For native Gemini routing, declare models as google/<model>. GEMINI_API_KEY is the primary env name; GOOGLE_API_KEY is accepted as a lower-priority alias. GOOGLE_BASE_URL can override the default OpenAI-compatible Google endpoint when needed.

cllama-env, Not environment

Provider API keys belong in x-claw.cllama-defaults.env (or service-level x-claw.cllama-env), never in the service's compose environment: block. Putting real keys in environment: defeats credential starvation -- the agent container would have direct provider access.

Feed Injection Budgets

cllama applies two byte budgets when it injects subscribed feeds into a request: a per-feed cap (read at fetch time, before formatting) and an aggregate cap across all formatted feed blocks. Feeds are injected in manifest order until the aggregate cap is reached.

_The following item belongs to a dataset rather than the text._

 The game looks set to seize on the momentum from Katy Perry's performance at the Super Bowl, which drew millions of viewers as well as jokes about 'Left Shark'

These budgets are intentionally bounded by default -- 32 KB per feed and 64 KB aggregate -- so a small pod cannot accidentally turn feed subscriptions into unbounded prompt stuffing. The defaults are independent of the feed source window: a claw-wall channel-awareness feed configured with a large x-claw.context.channel.max-chars can return far more than 32 KB, but cllama will still cap what reaches the model unless you raise its budgets too.

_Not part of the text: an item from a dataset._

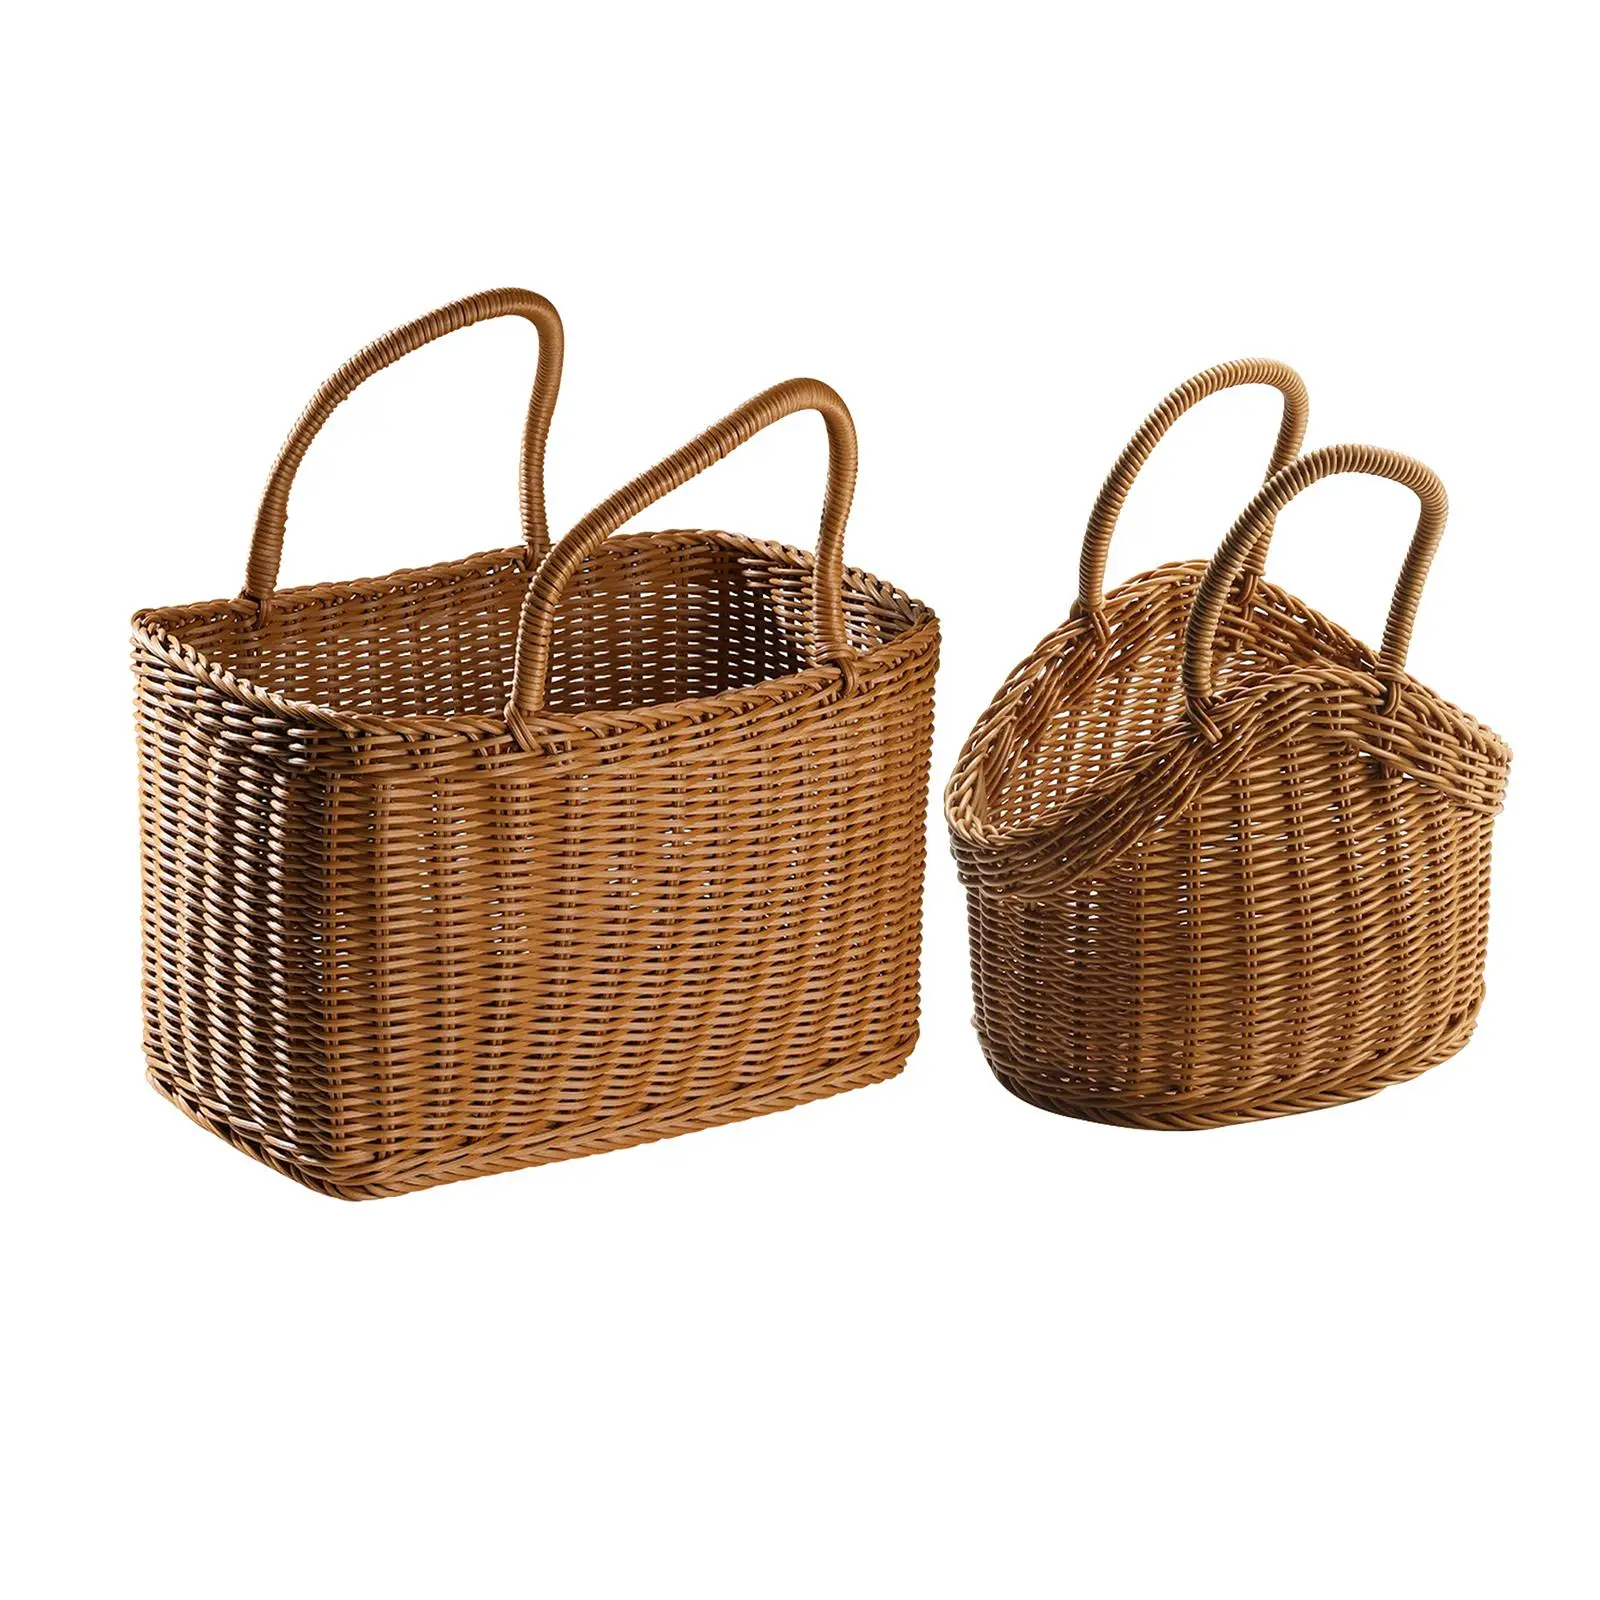 Storage Basket with Handle Ornament Containers for Vegetables Picnic Pantry

Raise both caps together through x-claw.cllama-defaults.env (or service-level x-claw.cllama-env):

yaml

x-claw:
  pod: trading-desk
  cllama-defaults:
    proxy: [passthrough]
    env:
      CLLAMA_FEED_MAX_RESPONSE_BYTES: "262144"   # accept up to 256 KB from any one feed
      CLLAMA_FEED_MAX_TOTAL_BYTES: "393216"      # 384 KB across all injected feeds combined

Invalid or non-positive values fall back to the bounded defaults, so a typo cannot silently unbound injection. Set CLLAMA_FEED_MAX_TOTAL_BYTES high enough to hold the sum of every feed a turn carries (market/style context, scaffolds, memory recall, channel awareness, channel context) -- the aggregate cap is shared across all of them, not per feed.

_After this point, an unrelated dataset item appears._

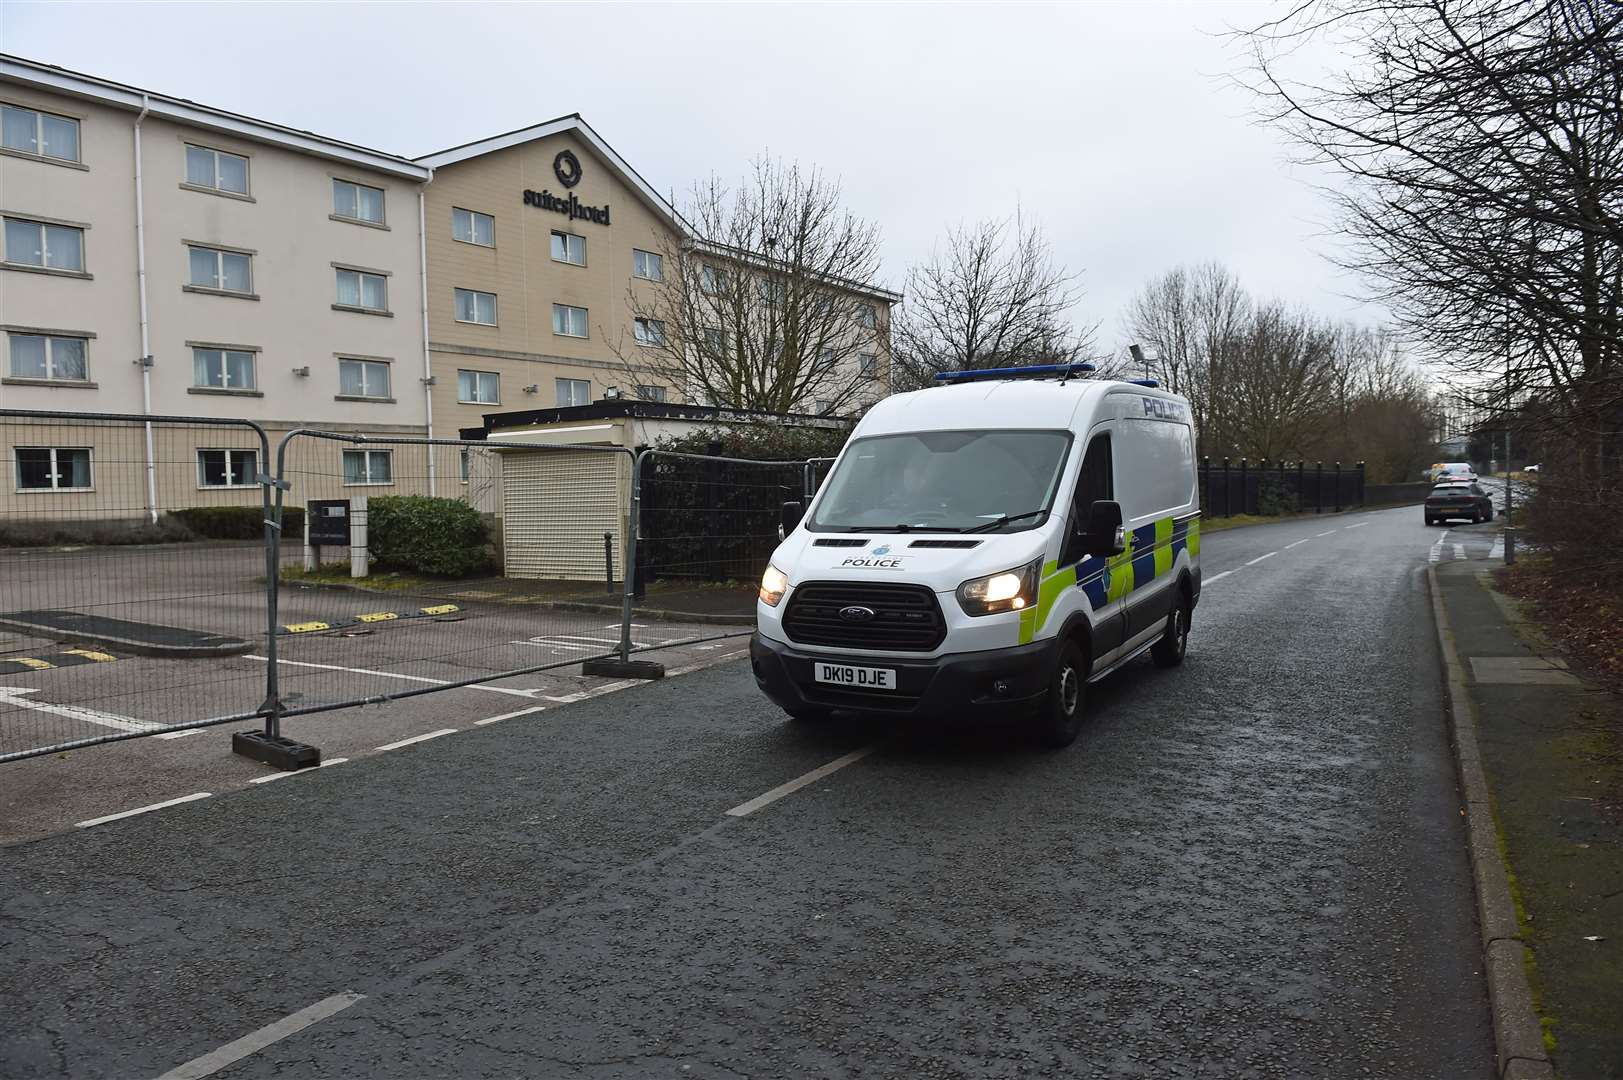 Police outside the Suites Hotel in Knowsley, Merseyside, after protesters demonstrated against asylum seekers being housed there (Peter Powell/PA)

When the aggregate cap does drop a feed, cllama no longer fails silently: the model sees an explicit --- FEED: <name> skipped (total feed size cap reached; block_bytes=… total_before=… max_total_bytes=…) --- notice in the runtime context, and a structured feed_injection telemetry event records the outcome (see Telemetry Fields). Context snapshots store the actual provider-visible blocks and skip notices.

Skip is in manifest order

The aggregate cap drops whole feeds in manifest order once the budget is exhausted; there is no per-feed priority or reservation yet. If a large feed earlier in the manifest can starve a later one, raise CLLAMA_FEED_MAX_TOTAL_BYTES rather than relying on ordering.

Pod Configuration

Declaring a cllama Proxy

The proxy is declared in claw-pod.yml via the cllama field on a service's x-claw block:

yaml

services:
  analyst:
    x-claw:
      agent: analyst
      cllama: passthrough
      cllama-env:
        OPENAI_API_KEY: ${OPENAI_API_KEY}
        ANTHROPIC_API_KEY: ${ANTHROPIC_API_KEY}

The cllama value specifies the proxy type. Currently only passthrough ships as a reference implementation.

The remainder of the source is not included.